Tax Planning & Wealth Management
tax planning can significantly improve your financial position
Identifying the right solution requires a detailed understanding of your individual circumstances, goals and ambitions. That is why at KAG our tax planning starts with a thorough review of your plans, risk apitite and aspirations.
There are a range of effective tax planing options that we can review and advise on including:
TAX PLANNING FOR BUSINESSES & COMPANIES
Profit & Cash Extraction
KAG offer a range of services designed to identify the most tax-efficient manner of extracting money from a business. There are a number of factors that inform strategy selection for each business including when dividends are paid and the level of contributions made to a company pension.
Maximising capital allowances can make a significant difference to your taxable profits. Capital allowances are available across a wide range of qualifying assets including plant & machinery, fixtures & fittings and office equipment. Allowances vary with some allowances offering an immediate reduction in taxable profits of 100% of the value of the asset purchased.
KAG can help you claim all available allowances and structure the purchase timings to optimise their impact.
Pension contributions offer tax efficiencies for employers, employees and directors.
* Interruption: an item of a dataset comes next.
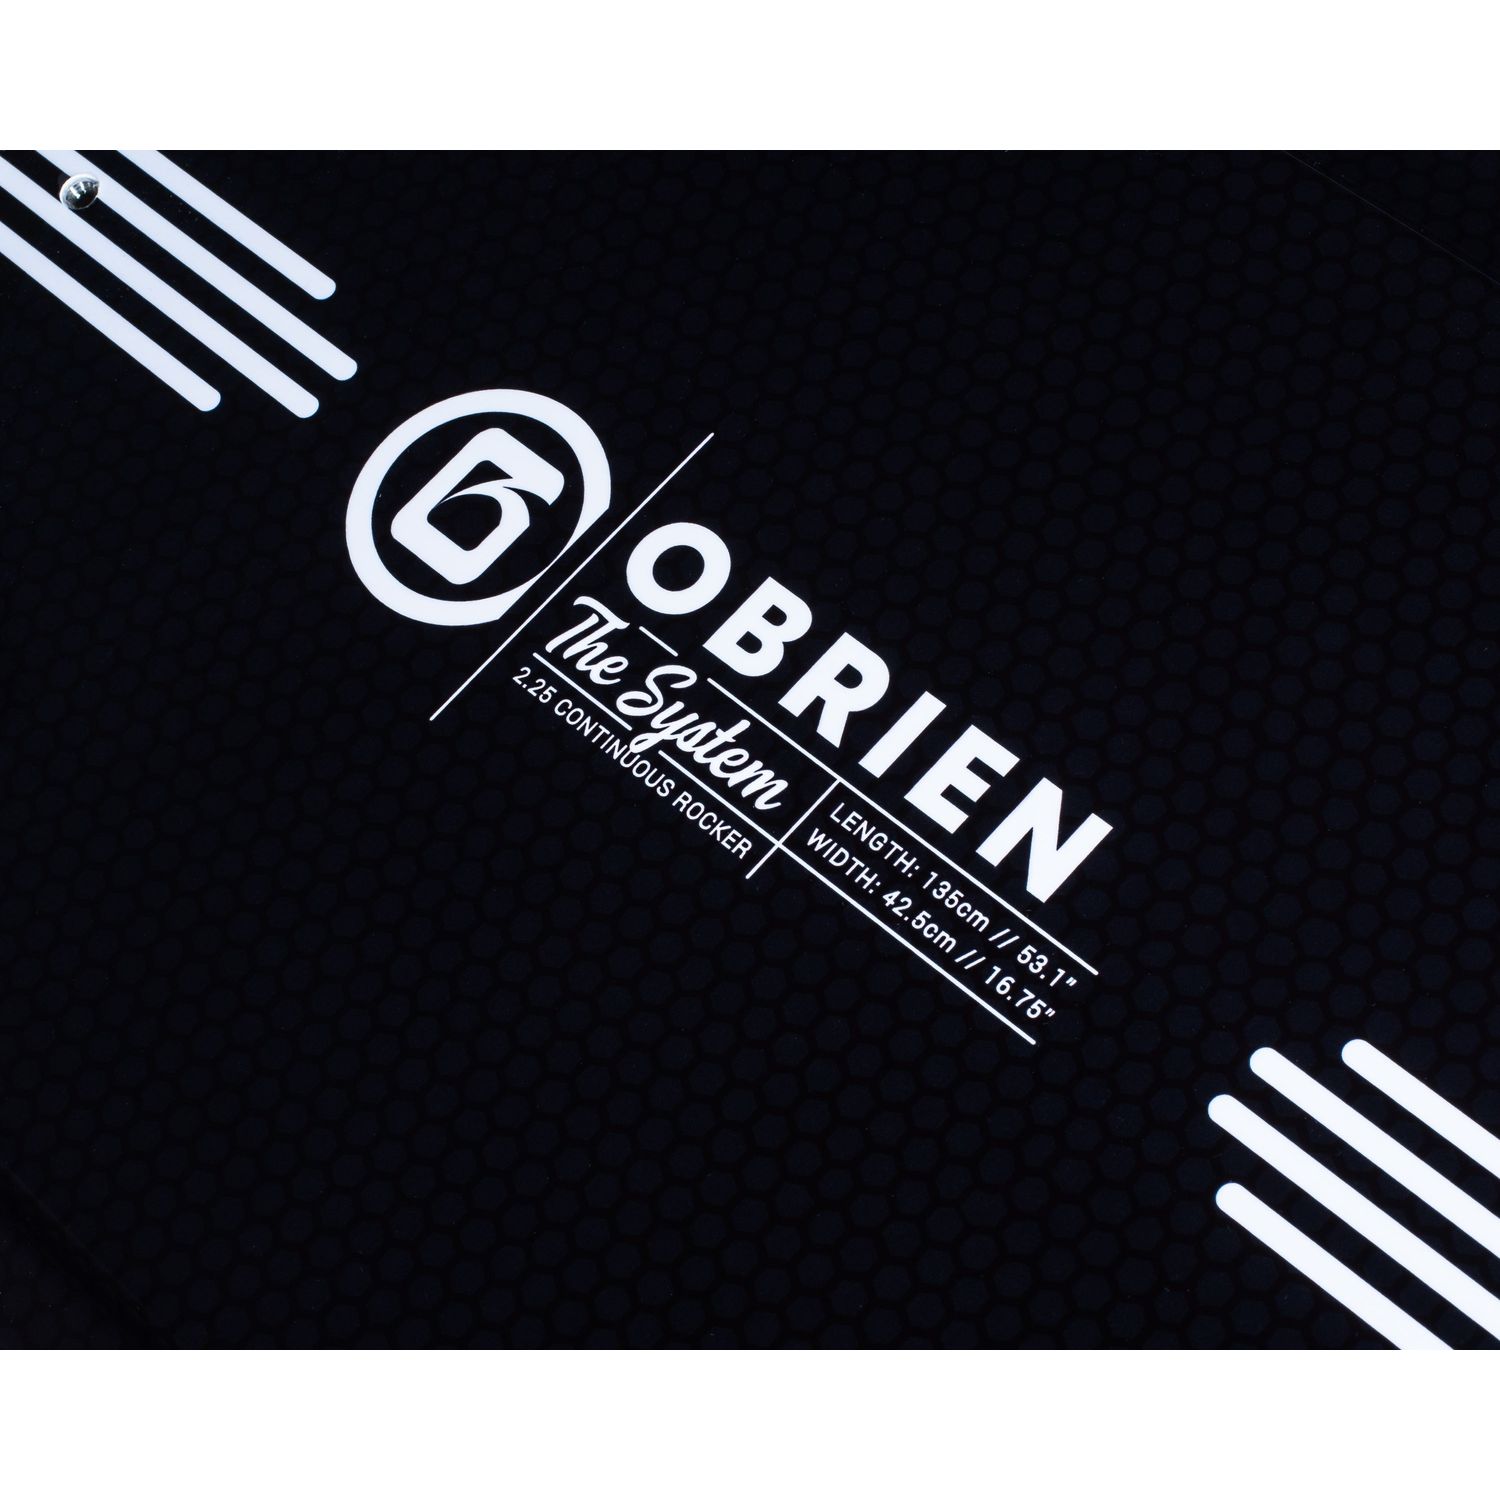 O'brien Wakeboard System 124

Company contributions to an employee’s pension get corporation tax relief and are free of income tax and national insurance contributions to personal schemes.
Business owners and company directors can take advantage of other flexible ways of contributing to their own retirement fund. We can help directors and small business owners identify the right pension strategies for them and their businesses for them and their company when picking a pension..
Family tax planning
There are options for structuring family-owned businesses in a commercially effective and tax-efficient way that optimises tax reliefs. Tax should also be carefully thought through when succession planning.
Financial Entity Selection
The choice of legal entity e.g. whether a business is structured as a limited company, partnership or registered as a sole trader can have an impact on overall tax liabilities. As a business evolves, the initial choice of legal entity should be kept under review. What suited a business when it was launched, may no longer be the most efficient structure as that business grows or contracts.
At KAG we advise on the most tax-efficient structure for any stage in a business life cycle.
Loss Relief – Offsetting Trading Losses
When a business suffers losses as a result of the business interests or investments, it is important to undertake a review to ensure available loss relief is being claimed in a tax-efficient manner. Losses can be carried back and used against earlier year’s profits, carried forward and used against future profits or used sideways and offset against total profits of the same period.
TAX PLANNING FOR INDIVIDUALS
Married couples should consider transferring income generating assets to their partner in order to fully utilise their respective tax-free allowances. This is also effective where one partner pays higher/additional rate tax and the other is non/basic rate taxpayer. They should also review ownership of income producing assets such as portfolios, rental property and shares.
Personal pension contributions can reduce the amount of income high taxpayers are due to pay.
Gift aid offers tax relief on unlimited amounts donated to qualifying charities at donor’s marginal relief of tax. For individuals looking to make charitable donations, it benefits both the donor and the charity, ensuring tax relief is maximised.
Individuals with an income in excess of £100,000 could look at personal pension contributions in order to preserve their allowance.
Capital Gains and Losses
Capital assets transferred between married couples are exempt from capital gains tax. Where tax will be payable on a potential gain, the primary taxpayer should think about transferring the assets to their partner. Transferring the asset into joint names can also ensure both spouses can claim their respective CGT annual allowance as and when an asset is disposed of.
UK tax residence
A new statutory UK tax residency test came into force 2013. For individuals with non-resident status, it is important to meet all the compliance conditions. Failure to do so can have potentially devastating and expensive consequences where an individual returning to the UK discovers their non-resident status is voided because they inadvertently exceeded their annual UK residency quota.
Threshold allowances vary with domiciled status, UK residency status in previous tax years and even the proportion of UK-based time spent working. It is imperative that the fine print of these rules is fully understood and detailed records kept.